An appropriate order to be submitted.

NOTES

[1] Under Michigan law, M.S.A. § 25.171 [M.C.L.A. § 552.251 et seq.], a court-appointed officer entitled the Friend of the Court is empowered to account for and collect child support awards granted incident to divorce decrees.

[2] The State also alleges that a portion of the arrearages pursued in the State District Court action represents postpetition debt. These amounts are not dischargeable. What portion of the debt, if any, accrued postpetition is a question of fact which the court will determine, if necessary, upon submission of additional evidence.
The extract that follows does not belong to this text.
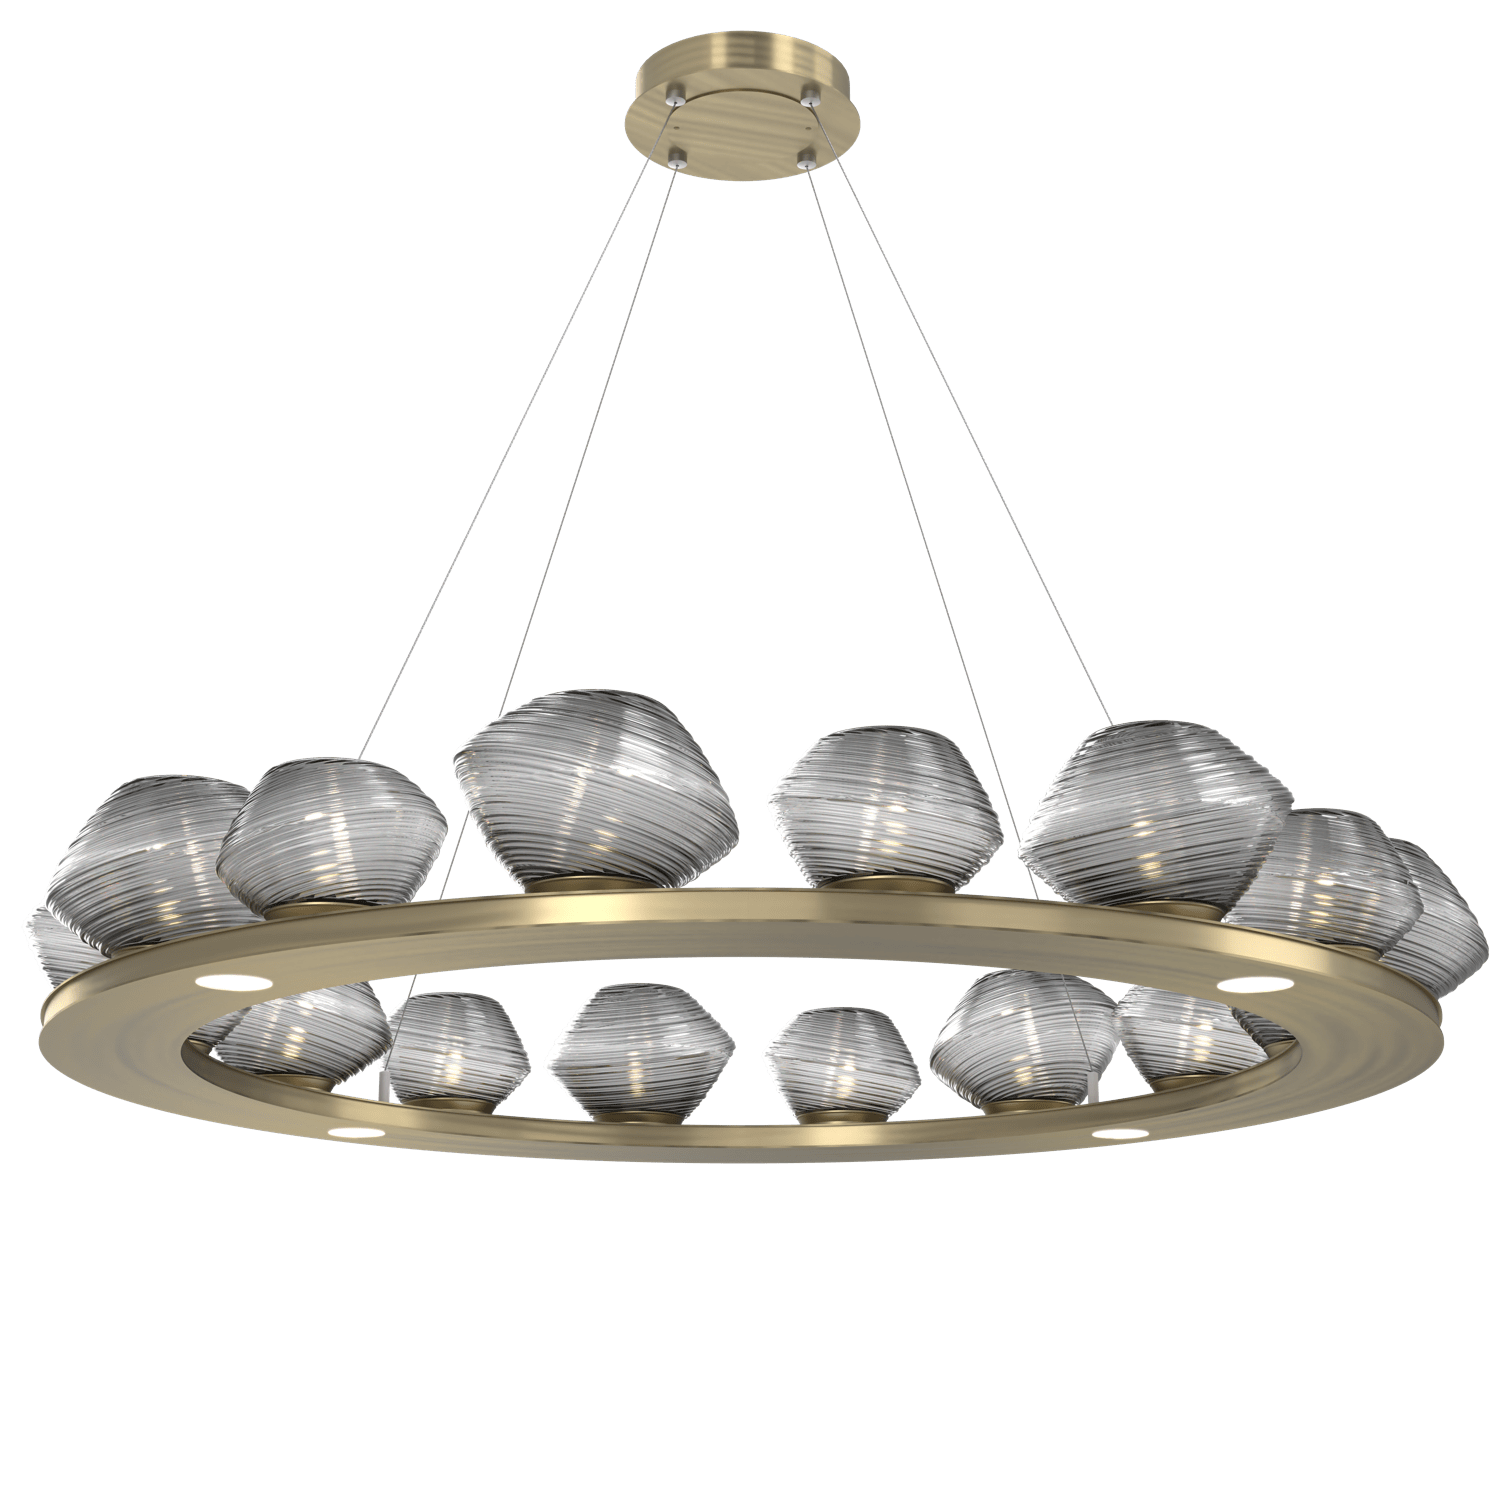 CHB0089-0D-HB-S-Hammerton-Studio-Mesa-48-inch-ring-chandelier-with-heritage-brass-finish-and-smoke-blown-glass-shades-and-LED-lamping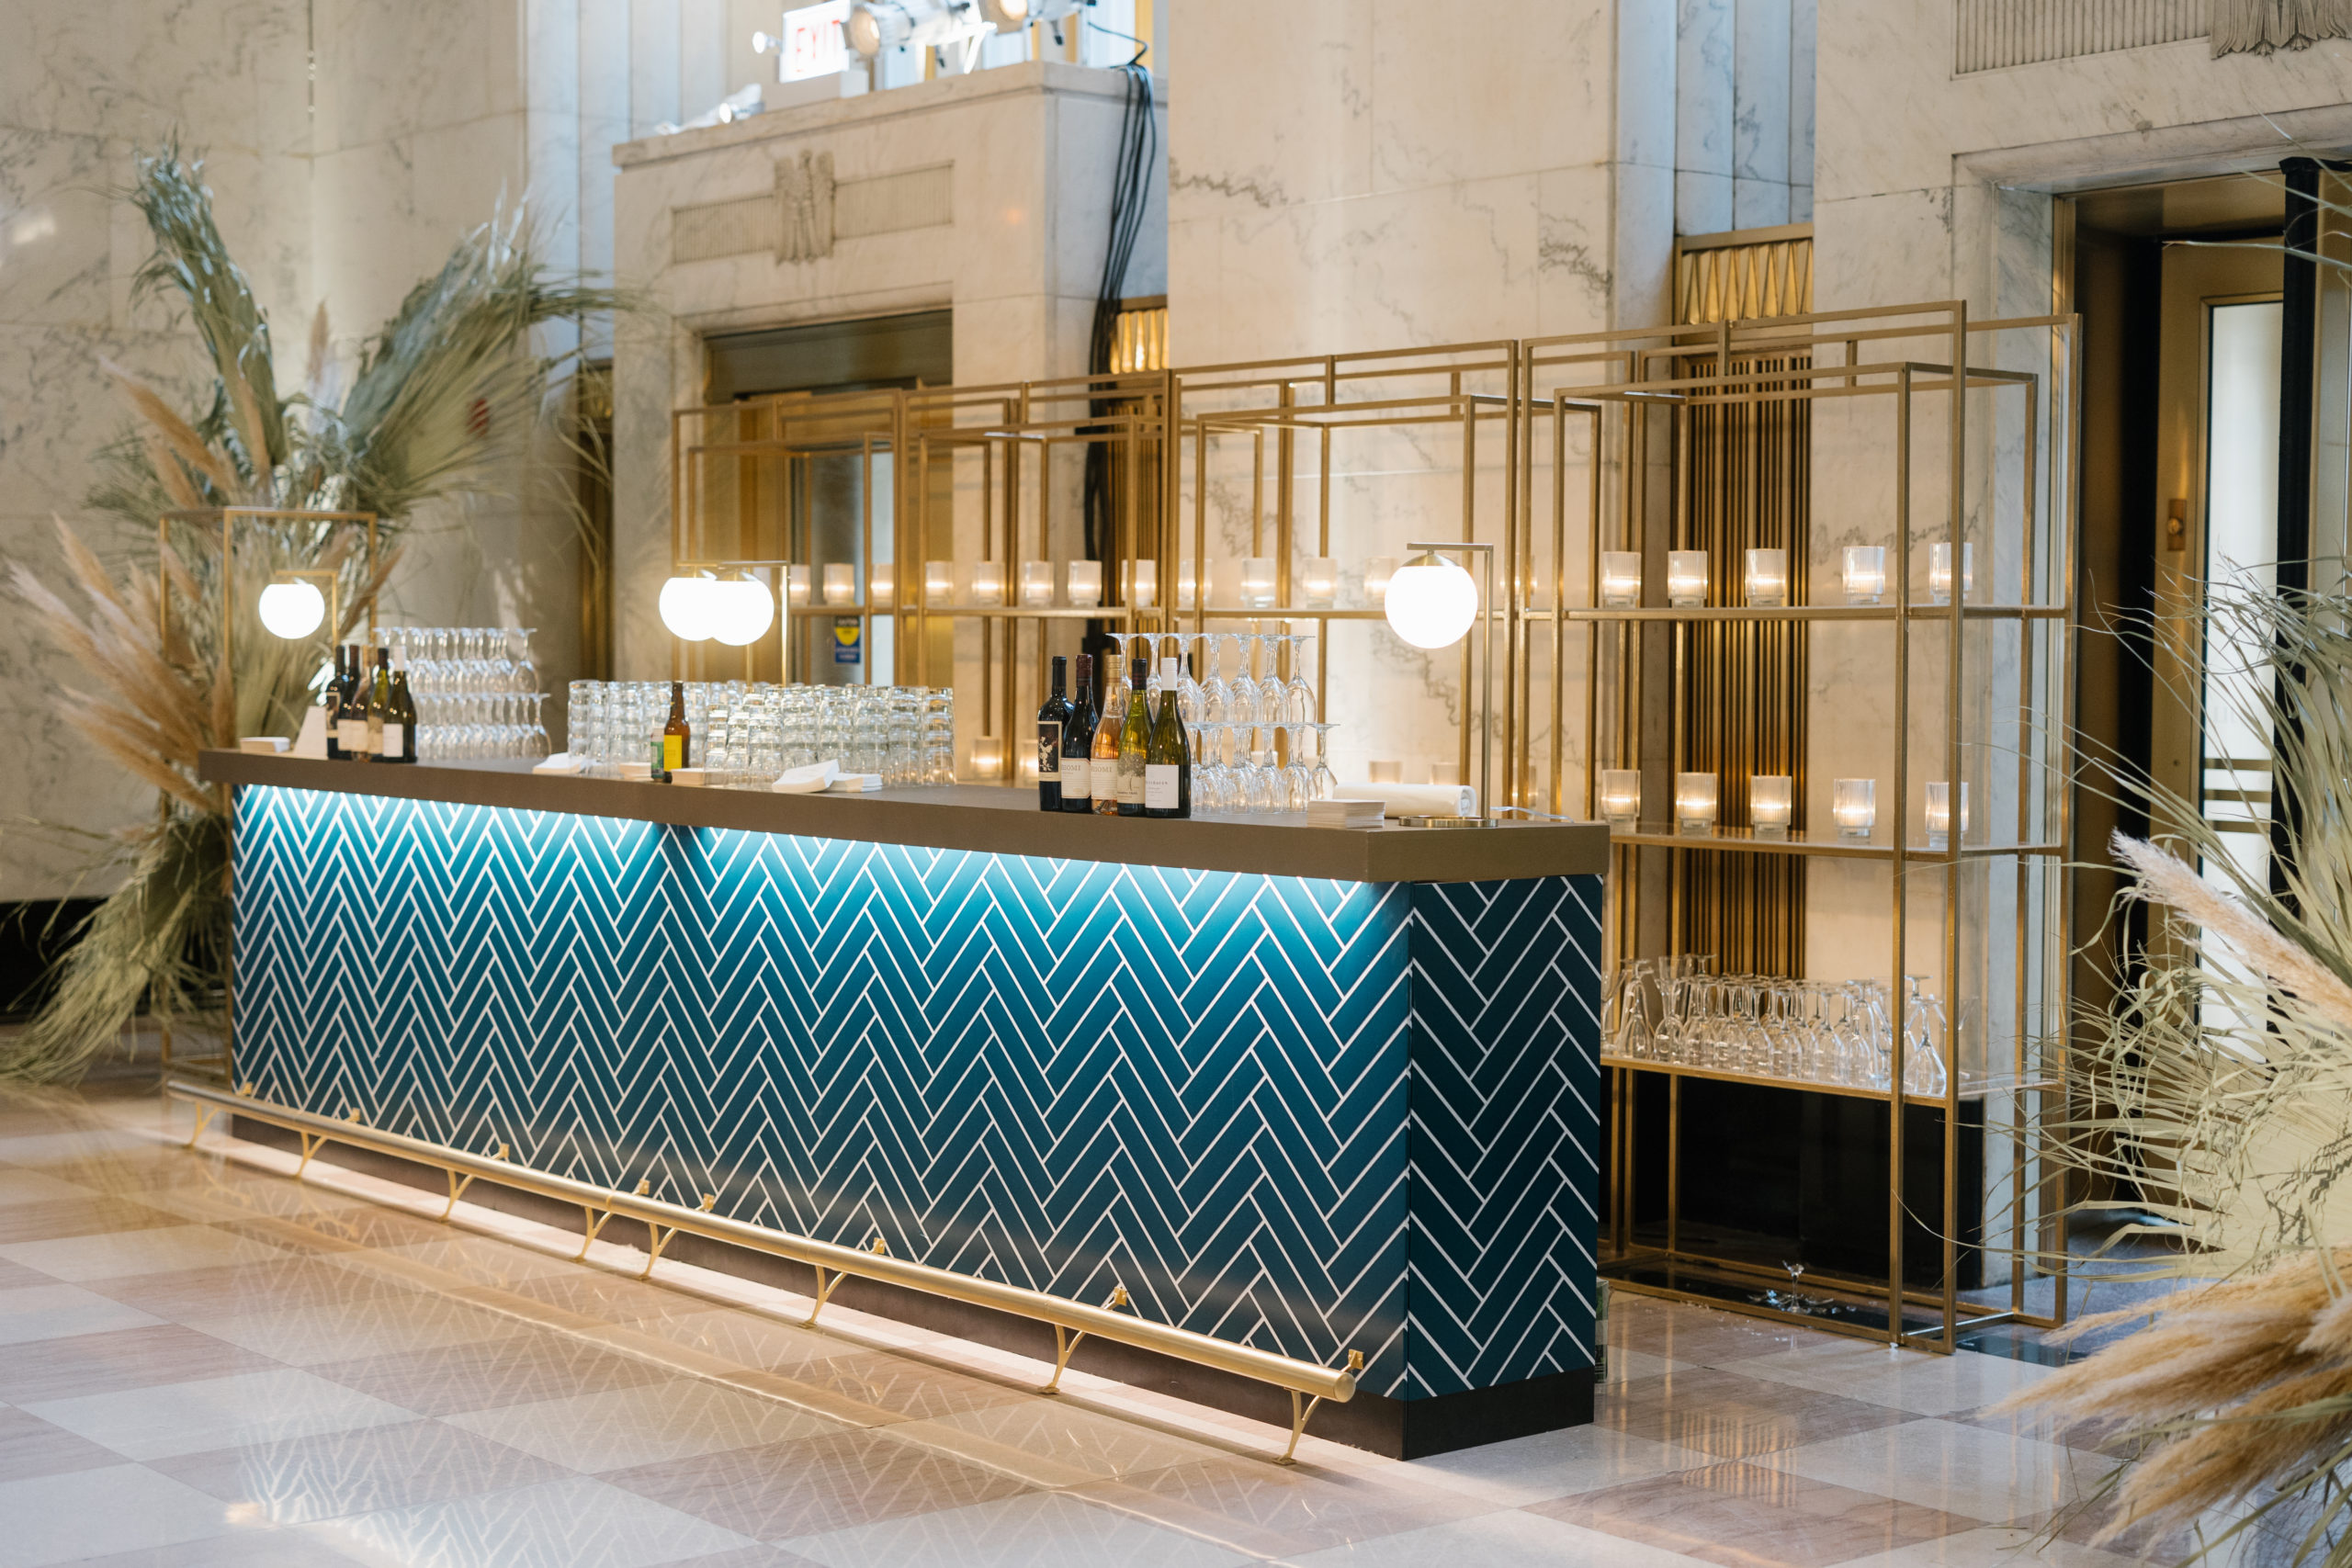 Art Deco Tiled Bar for Wedding at The Old Post Office in Chicago

[3] In re Broughton, 6 B.R. 1011 (D.C.N.D.Ga. 1980); In re Packer, 9 B.R. 884 (Bkrtcy.D.Mass. B.J.1981); Matter of Williams, 9 B.R. 1004 (Bkrtcy.E.D.Va.B.J.1981); Matter of James, 4 B.R. 115 (Bkrtcy.W.D.Pa.B.J.1980); United States v. Carpenter, 5 B.C.D. 577 (D.Col.B.J. 1979); In re Sawaya, 2 B.R. 37 (Bkrtcy.D.Mass. B.J.1979); Wisconsin Higher Ed. Aids Bd. v. Brown, 4 B.C.D. 207 (E.D.Wis.B.J.1978).

[4] The Senate Report accompanying the Omnibus Budget Reconciliation Act discloses that § 523(a)(5) was amended because "[t]he committee believes that a parent's obligation to support his child is not one that should be allowed to be discharged by filing for bankruptcy." S.Rep.No.97-139, 97th Cong., 1st Sess. 523 (1981), U.S.Code Cong. & Admin.News 1981, pp. 396, 790.

[5] See section 523(c) and Interim Bankruptcy Rule 4003.

[6] In fact, the legislative history to section 523(a) dealing with student loans confirms this. The legislative history accompanying section 523(a)(8) states that

This provision is intended to be self-executing and the lender or institution is not required to file a complaint to determine the nondischargeability of any student loan. S.Rep.No. 95-989, 95th Cong., 2d Sess. 79 (1978), U.S.Code Cong. & Admin.News 1978, pp. 5787, 5865.

This approach is particularly applicable with respect to the effect to be given to an assigned support claim. The claim is either assigned or not assigned. Prior to the August 13th amendment, if the claim was assigned, it was dischargeable; if it was not assigned, it was not dischargeable.

[7] The filing of a bankruptcy petition did not operate as application for discharge until the Chandler Act was adopted in 1938. P.L. 696, 75th Cong. § 14(a) (June 22, 1938).